On Feb. 10 the Rangers conducted an internal conference call with Rodriguez, Boras, Hicks, G.M. John Hart and manager Buck Showalter regarding the direction of the club. Boras just happened to mention that Rodriguez might reconsider a trade to the Yankees. Hicks scoffed at the idea. "Alex isn't going to play third base," the owner said. "He's always said that."

"Alex," Boras said, "what do you think about third base?"

"I wouldn't rule it out," Rodriguez said.

Silence fell over the line. Said Boras on Sunday, "Frankly, Tom Hicks was stunned."

The next day Hart and Cashman were negotiating the framework of the deal. By Sunday, Rodriguez had his Yankees uniform number picked out: 13, his high school football number. His usual baseball number, 3, was retired by the Yankees in homage to another young slugger who slipped through Boston's fingers to New York: Babe Ruth.

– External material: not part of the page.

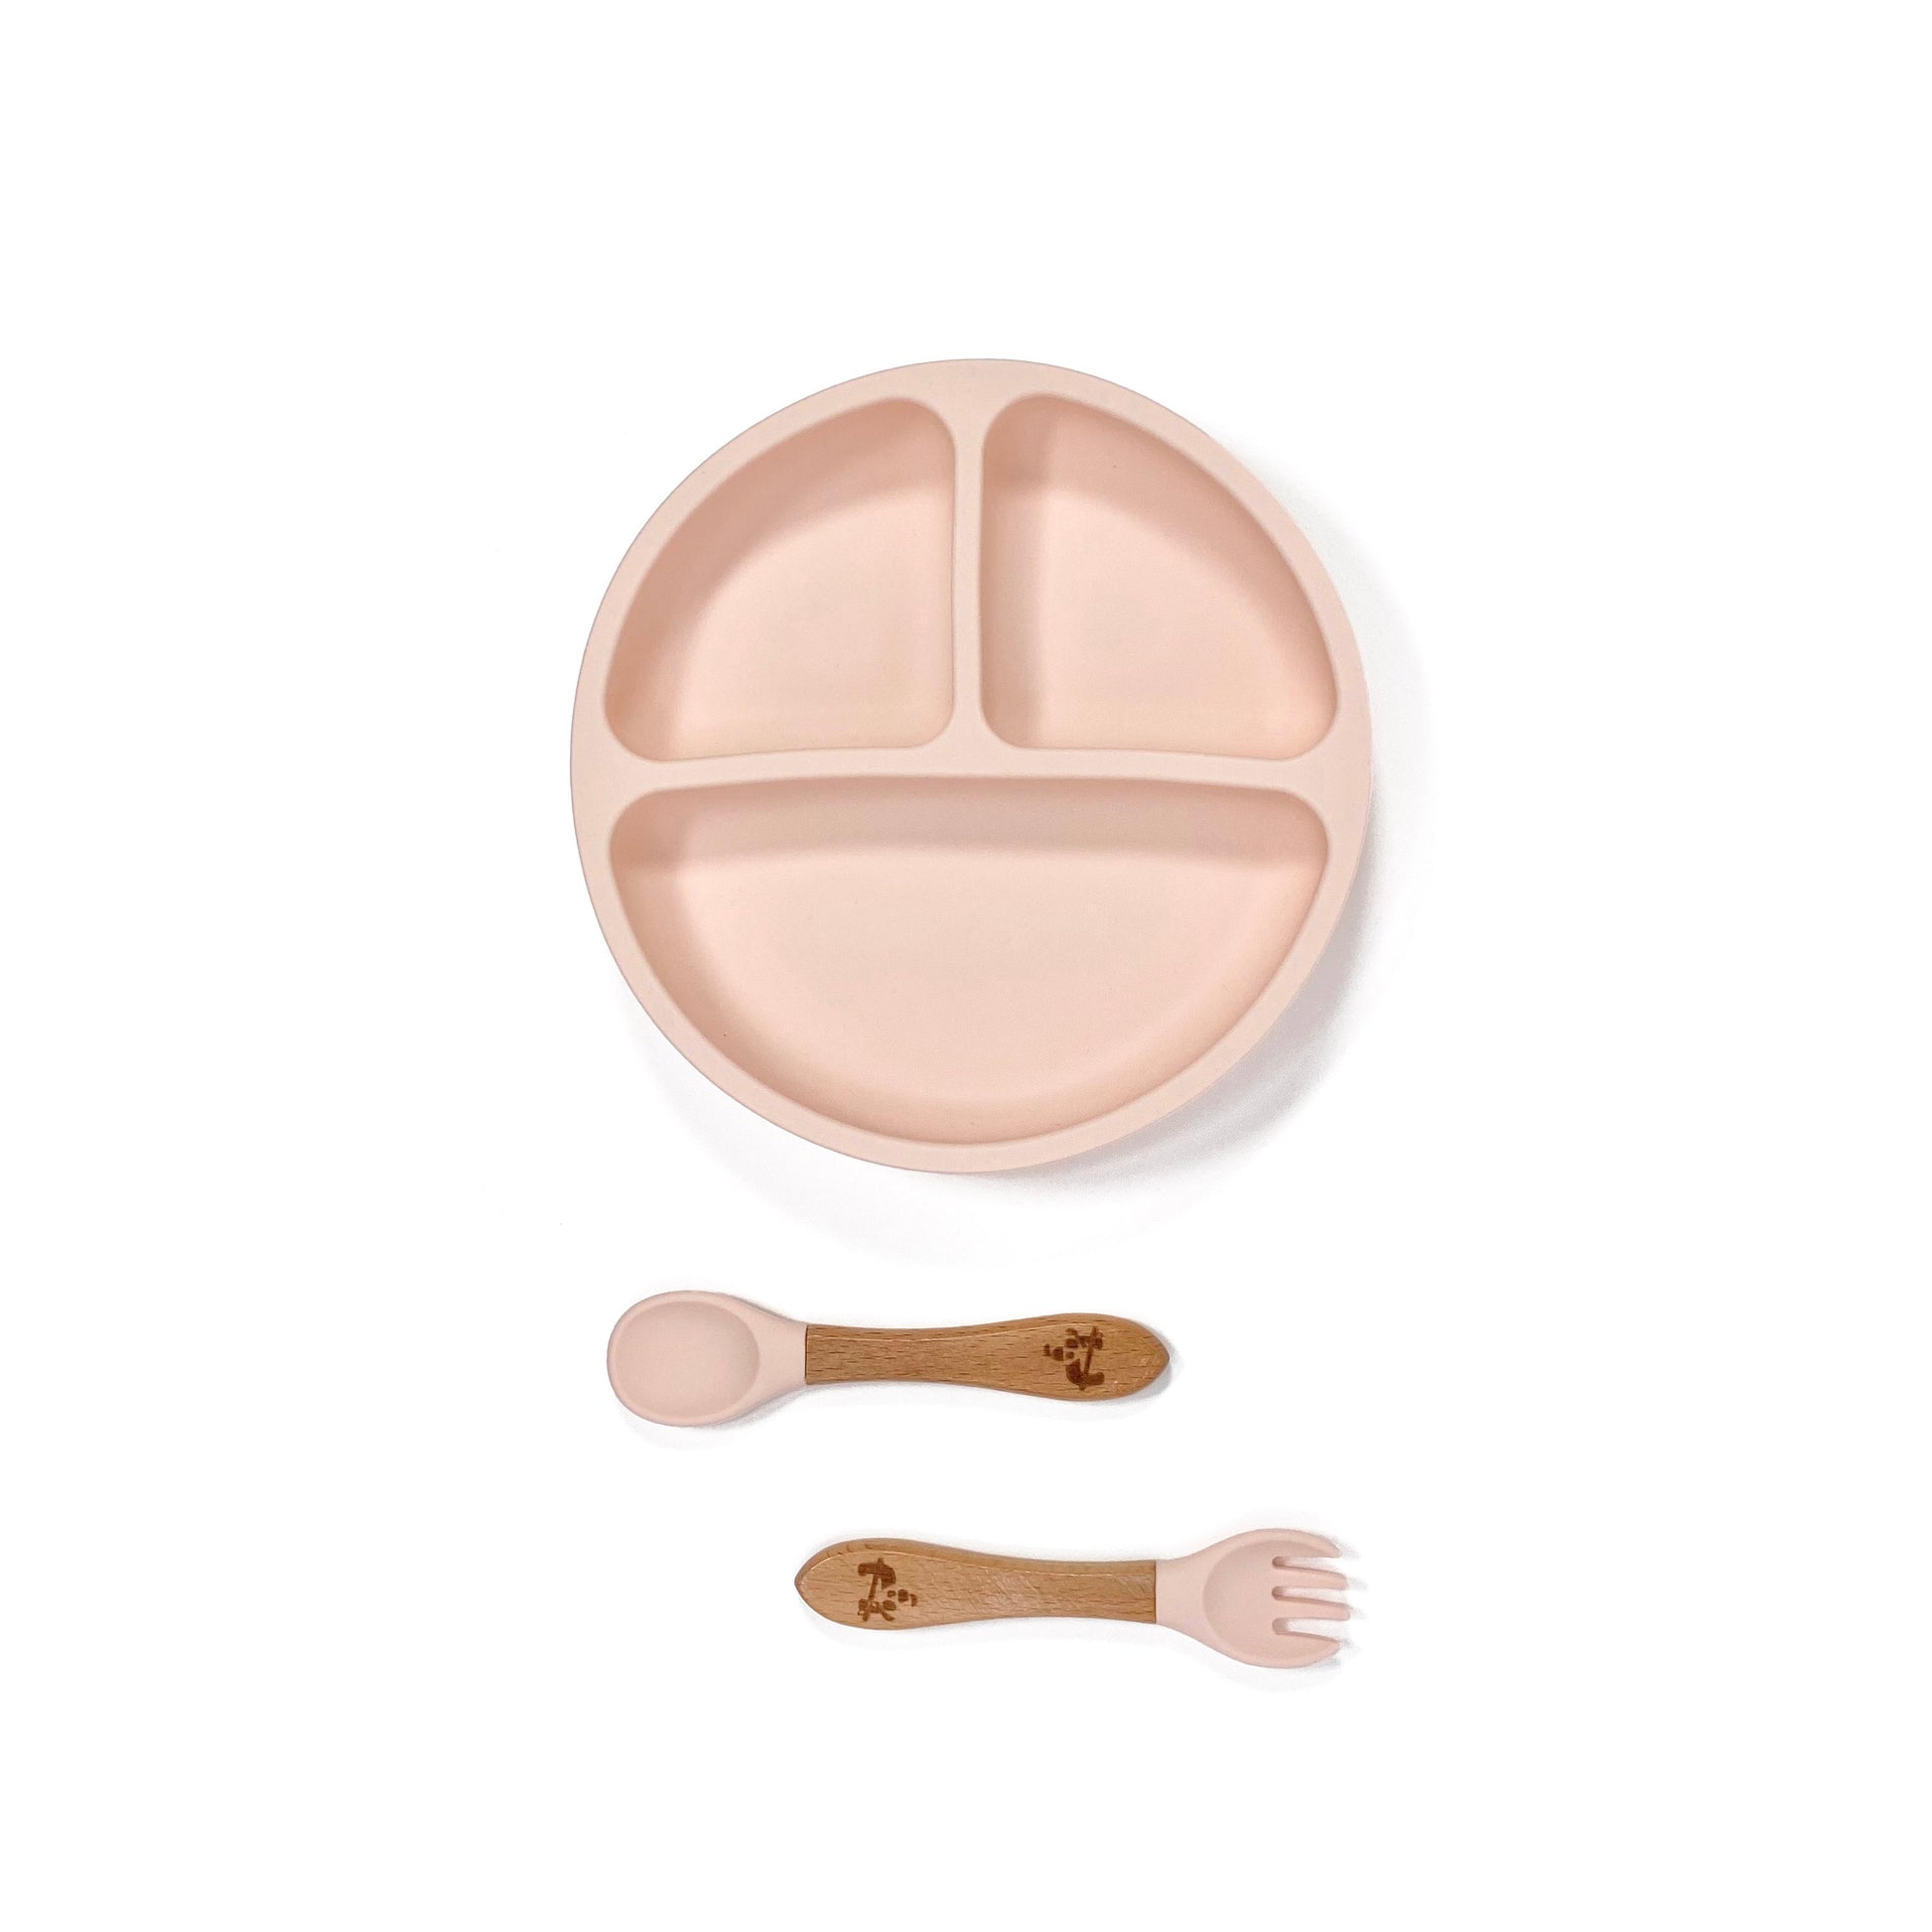 A peachy pink silicone children’s section plate with cups on the base, and matching bamboo and silicone cutlery.

"Once Scott brought it to my attention, it made perfect sense," Rodriguez says about moving to third base to be a Yankee. "I began to think about the pinstripes. I felt the allure of the tradition and the opportunity to win and asked myself, Why not do it?

"You know the best part? Getting there while I'm still young and knowing I have seven years to play with Derek and set my legacy as far as being a part of Yankees history. Getting there at 37 and playing two years wouldn't be the same."

His Yankees history, born of misfortune, already has begun.